К реке мы ходили каждый погожий день. Я ещё не умел плавать, хотя в своё время прожил больше двух лет "у самого синего моря". В Москве мы с дворовыми мальчишками летом что ни день ходили на Серебрянку. Много позже я узнáю, что купались мы не в речке с таким названием, а в Серебряно-Виноградных прудах. Там был водосброс: бетонное заграждение на урезе воды. Выйти на бетон, разбежаться, сигануть в глубину и выплыть затем на берег считалось особым шиком. Только в свои 13 лет я рискнул, да и то без разбега, плюхнуться в пугающую глубину и... поплыл! А куда было деваться? Там до берега всего-то несколько метров, но ведь и их одолеть надо. Одолел. Хотя до этого мог только якобы плыть задом наперёд, толкаясь руками ото дна. В Тучкове я так и делал. Но кто-то и этого не мог. В лесной школе я занялся самодеятельной силовой гимнастикой. Каждое утро старательно карабкался по шесту, по канату, подтягивался по шведской лесенке до самого верха. По возвращении домой это ой как пригодилось. Известное дело, братья-погодки в детстве непрерывно ссорятся. Ссоры со средним братом всегда кончались в его пользу. Но осенью 1951-го соотношение сил поменялось. При первой же ссоре я выиграл схватку. Не скажу, что братские отношения от этого стали лучше. Они чуть выровнялись только через много лет, когда мы разъехались по разным адресам.

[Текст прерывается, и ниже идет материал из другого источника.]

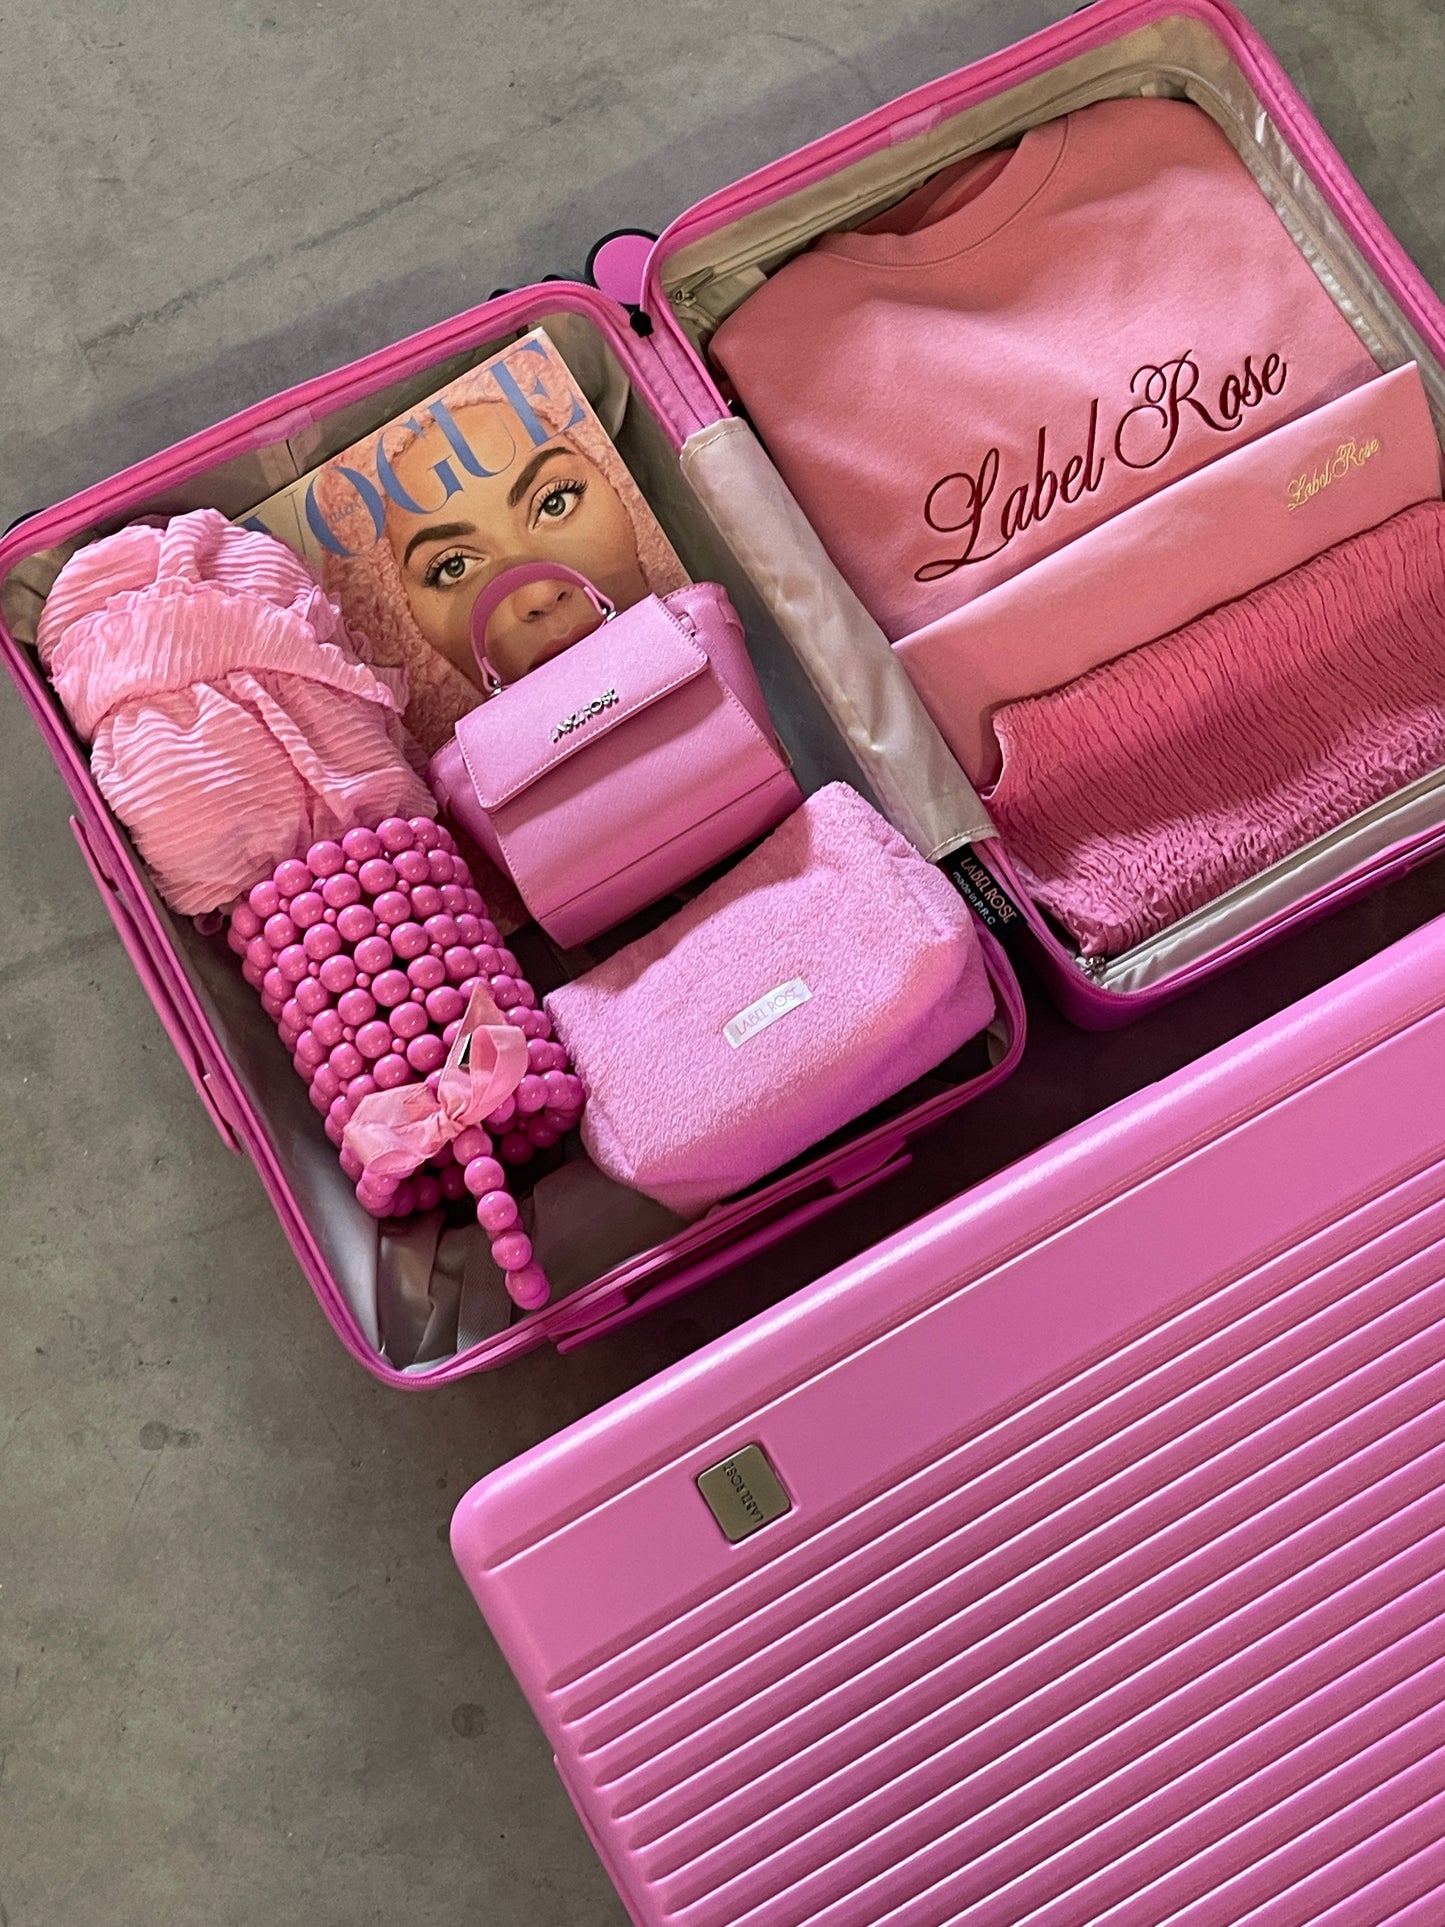 Matte trolley suitcase four wheels - PINK

В 1952-55 гг. лагерные каникулы были неизбежными, как само лето. Мать работала в сберкассе. Это сейчас Сбербанк пухнет от деньжищ. А тогда МГУ ГТСКиГК (для неленивых: Московское городское управление гострудсберкасс и госкредита) по бедности арендовало на лето под свой лагерь двухэтажную деревянную школу в селе Троицком, не доезжая Клина. Электрички ходили только до Крюкова. До Фроловского добирались пригородным поездом, с настоящим паровозом. Возле станции грузили чемоданы на колымагу-полуторку ГАЗ ММ, с задними колёсами без вторых скатов. Сами шли 9 км пешком по просёлку. Где-то в середине пути нас встречала уже порожняя колымага и подбирала самых маленьких.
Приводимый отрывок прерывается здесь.